O Supremo Tribunal Federal (STF) é a corte maior do país. Nas mãos dos onze ministros que a integram estão decisões que podem mudar os rumos da política, da economia nacional e a vida de muitos brasileiros. Entretanto, muitos casos aguardam há anos para serem julgados.

Segundo especialistas ouvidos pelo Hoje em Dia, a sobrecarga de trabalho, a forma como está organizado o judiciário brasileiro, a falta de estrutura e até questões políticas levam à morosidade.

“No Brasil, de uma forma geral, o sistema é muito lento”, afirma o advogado, mestre em direito processual e professor da PUC Minas, Lucas Neves. Segundo ele, o fato de a corte acumular duas funções, a de Órgão de Cúpula do Poder Judiciário e de tribunal constitucional também justifica a sobrecarga.

“Aqui vivemos uma realidade contrária ao que acontece na maioria dos países da Europa, em que as duas funções são separadas. É muita demanda para apenas 11 ministros. O Tribunal Constitucional é político, e o Órgão de Cúpula do Judiciário deveria ser técnico. É assim que ocorre em Portugal, por exemplo. Essa morosidade pode ser por causa do acúmulo de demanda ou pode ser ainda que não haja vantagem política de se julgar determinada questão. O STF, infelizmente, é órgão político”, reforça.
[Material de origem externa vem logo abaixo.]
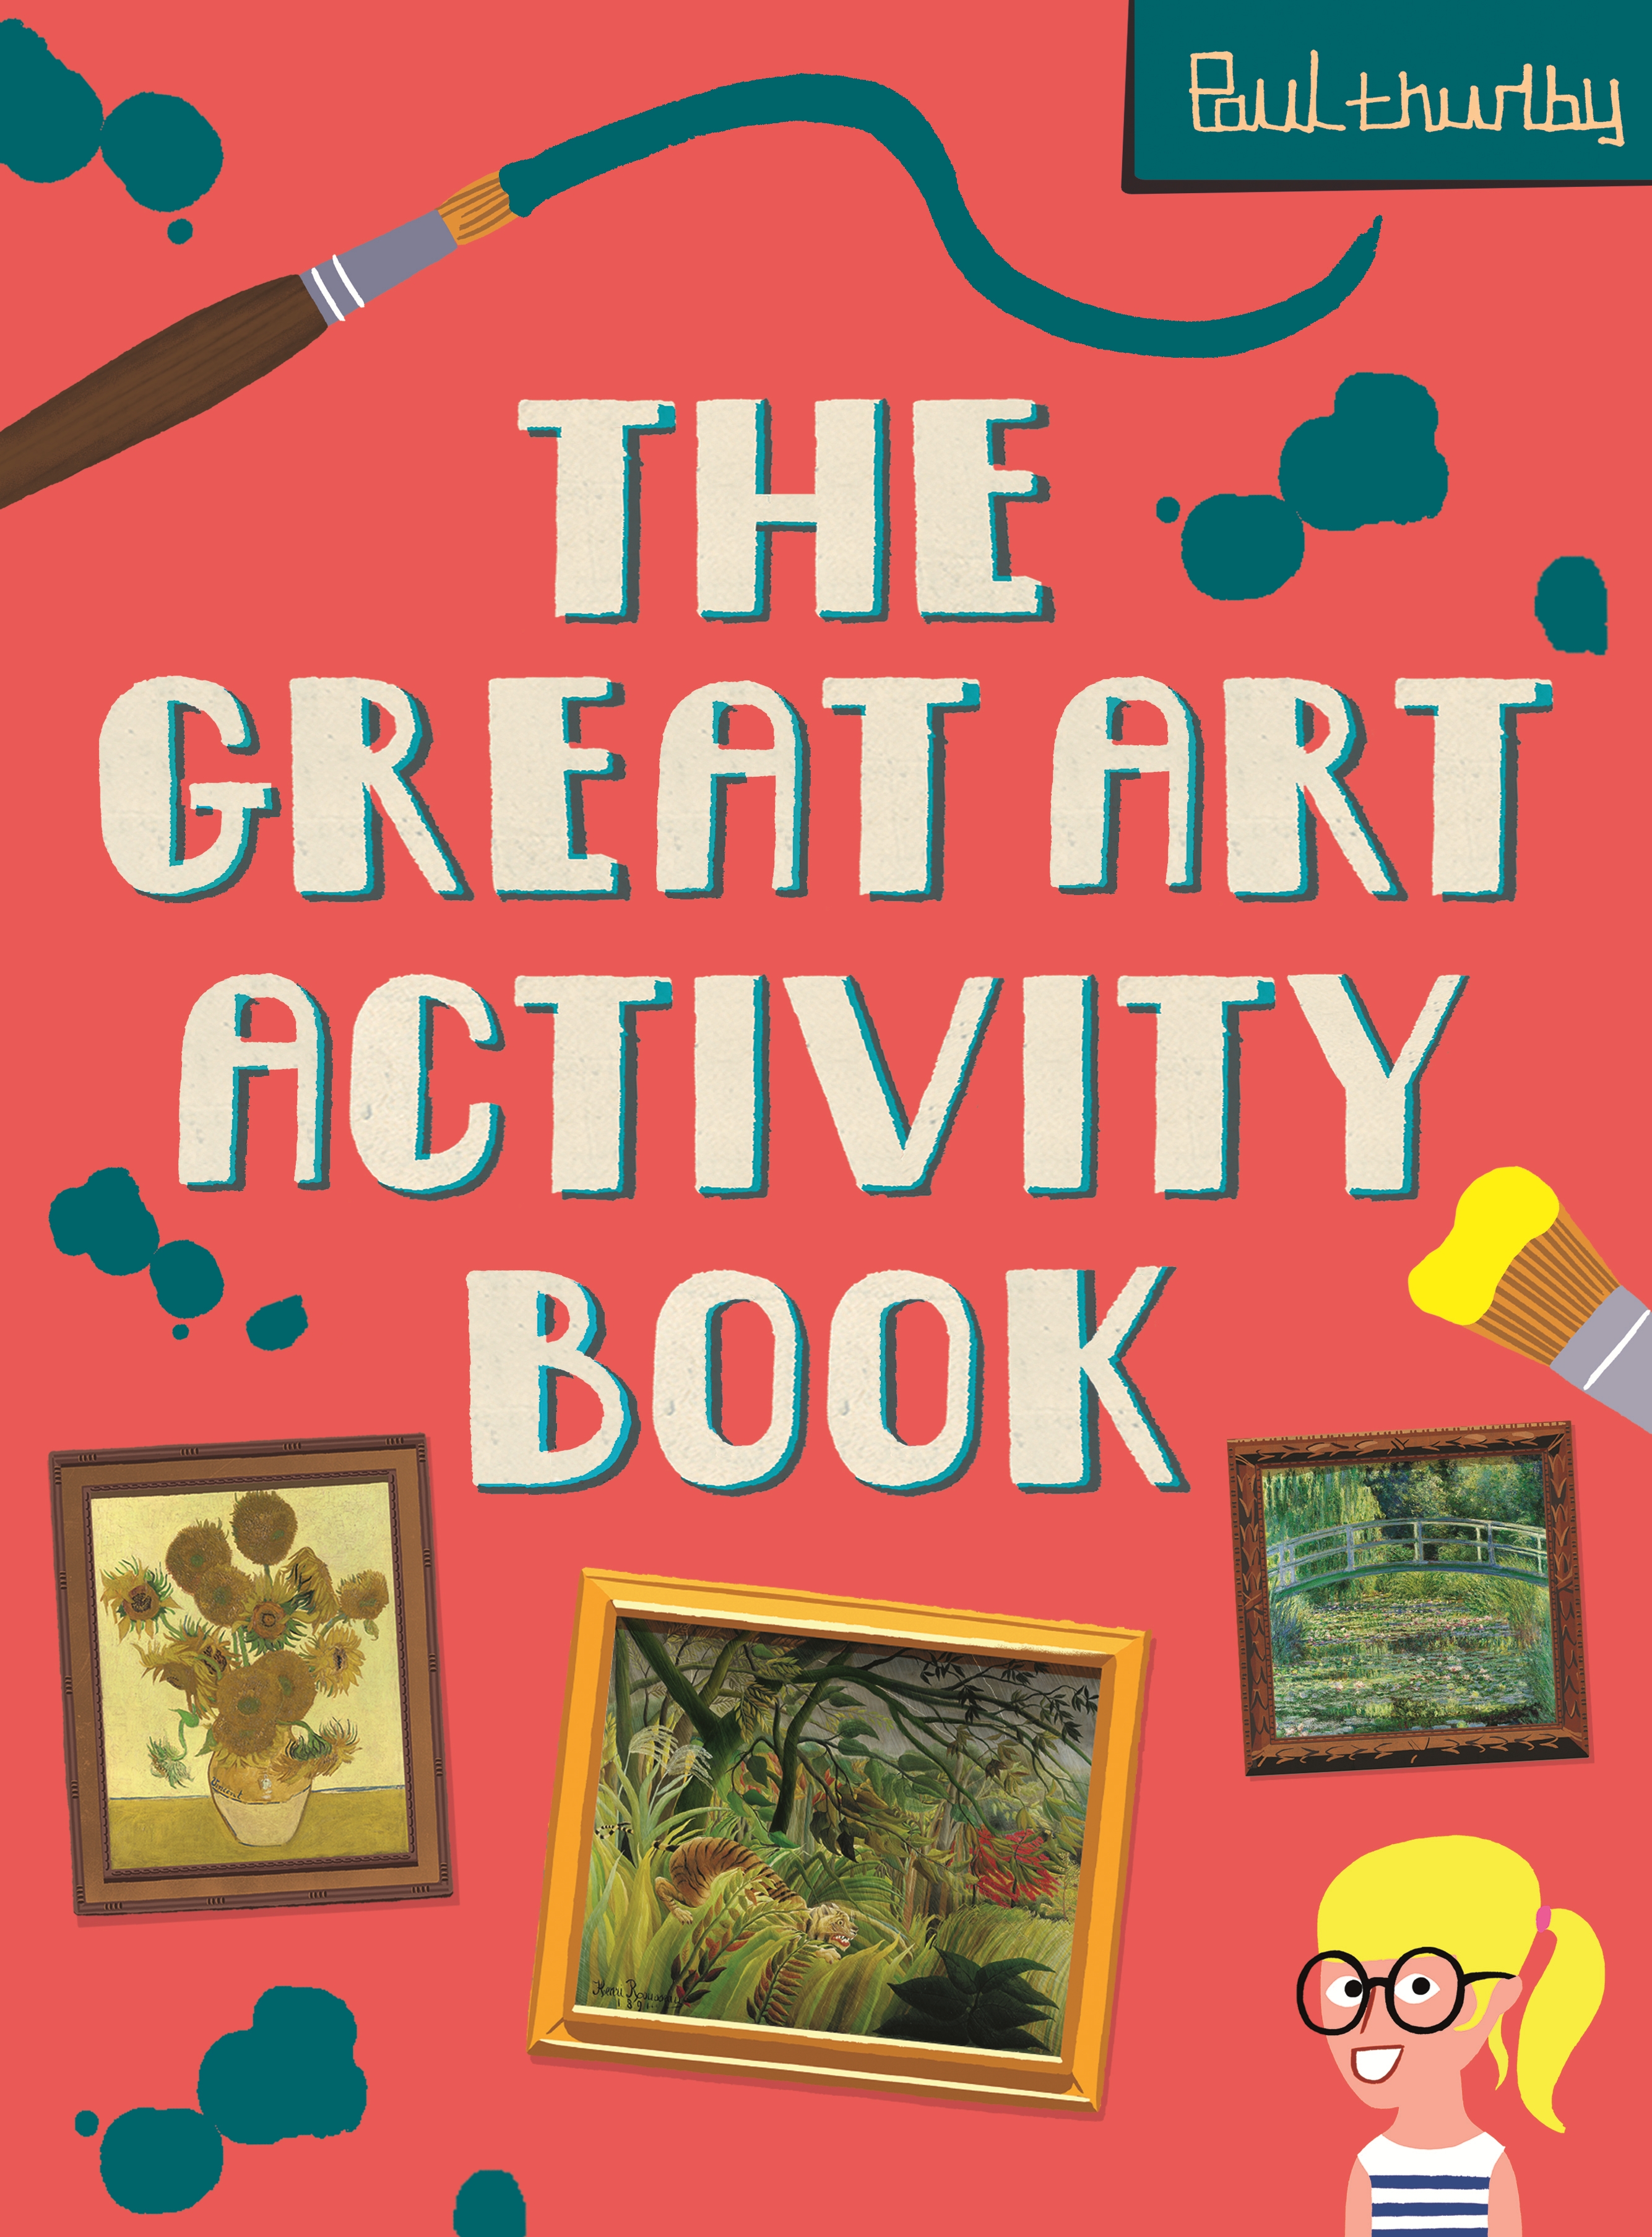 The Great Art Activity Book by Paul Thurlby | Hachette Childrens UK
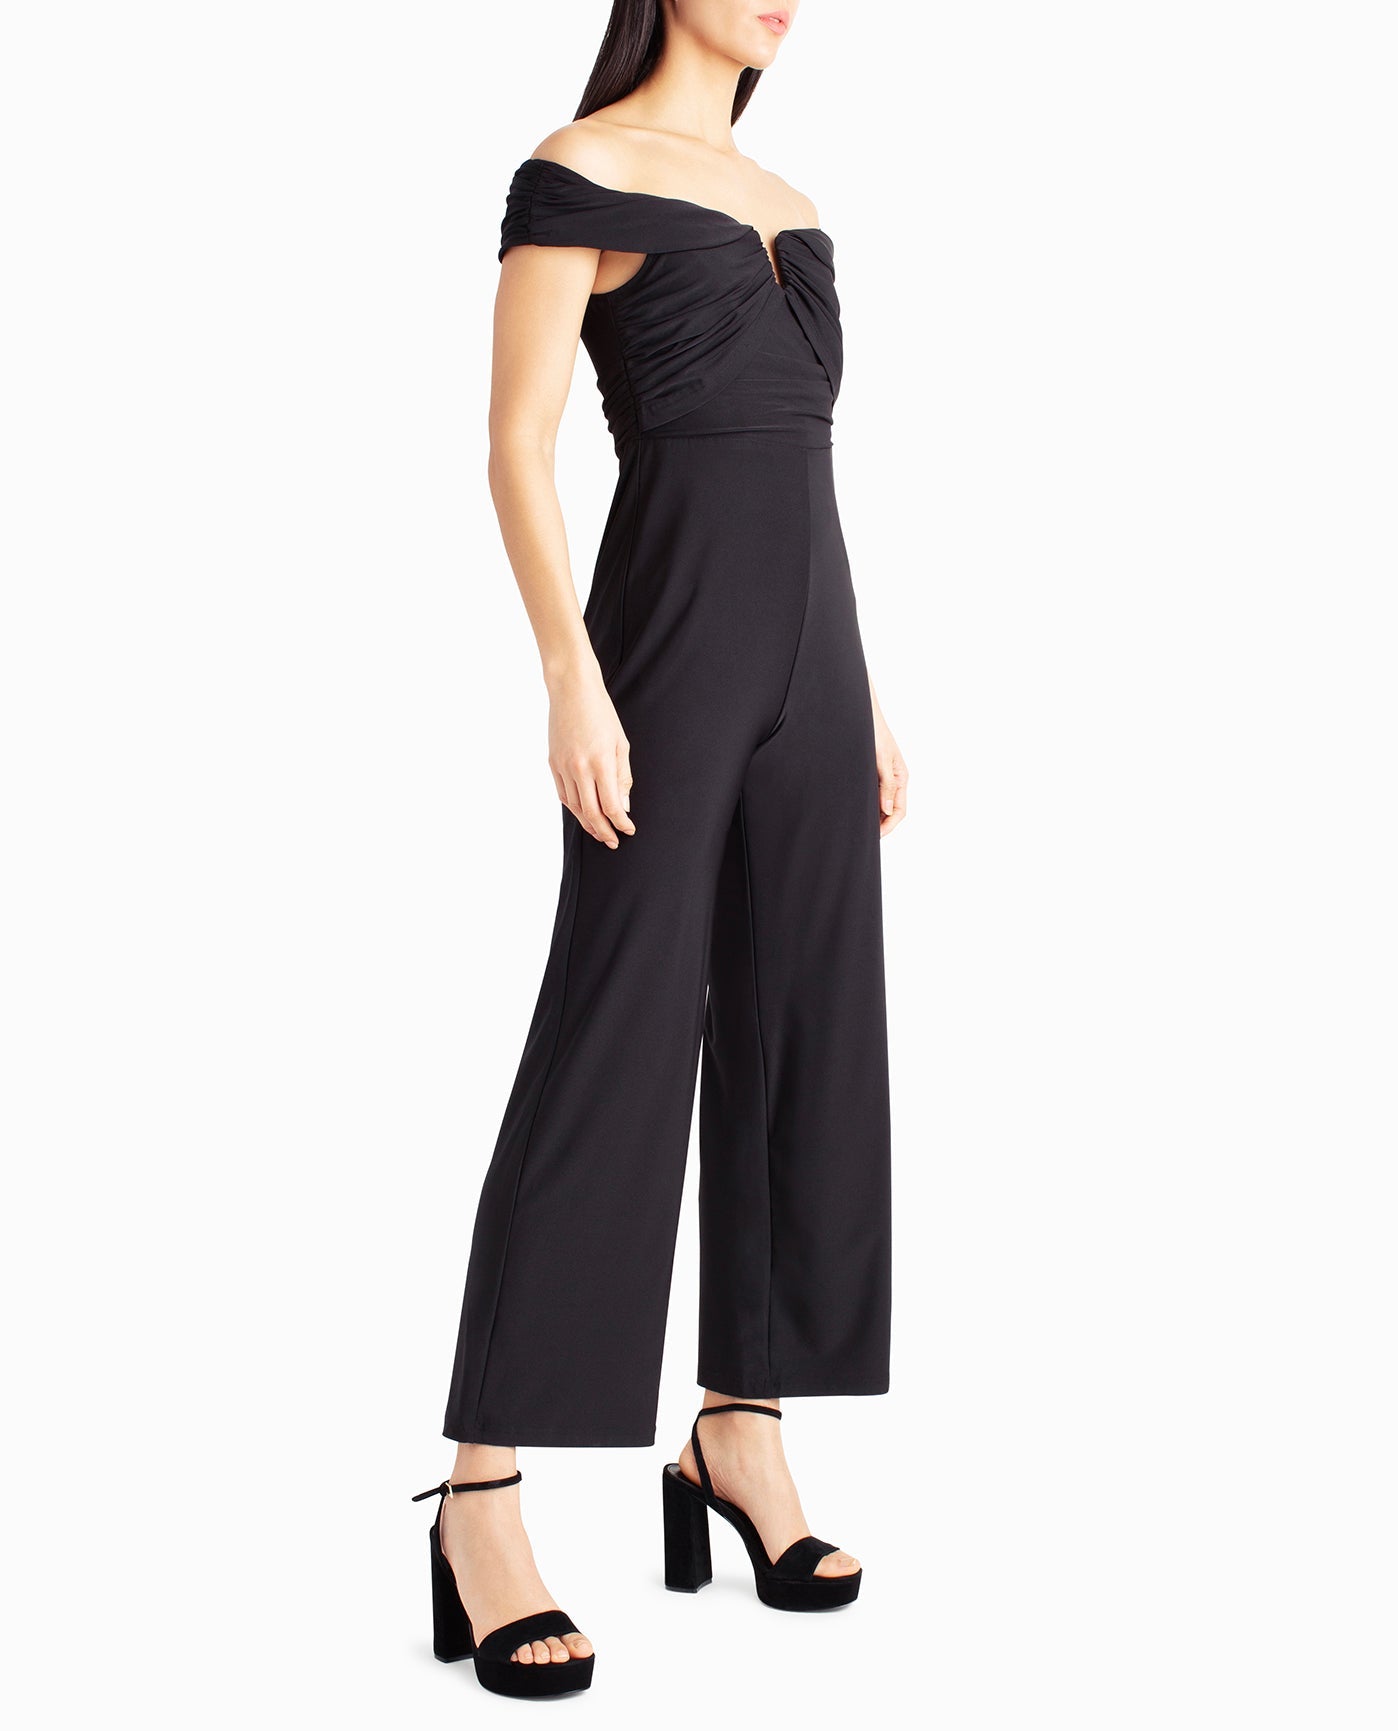 WHITNEY OFF-THE-SHOULDER JUMPSUIT

O doutor em filosofia do direito e mestre em direito público Leonardo Militão tem opinião semelhante. Para ele, o fator político pode sim influenciar as decisões. Mas outras variáveis também devem ser levadas em consideração. Ele explica que os recursos que chegam ao Supremo têm duas naturezas, ou pela via difusa, mediante recurso extraordinário ou pela via concentrada, por meio de ações diretas de inconstitucionalidade ou descumprimentos de preceito fundamental.

No caso da via difusa, tecnicamente todo e qualquer processo pode parar no STF. “Ele sendo o guardião da Constituição, na hora que existe um assunto que esbarra na Constituição, ele pode parar lá em cima”, detalha o especialista. 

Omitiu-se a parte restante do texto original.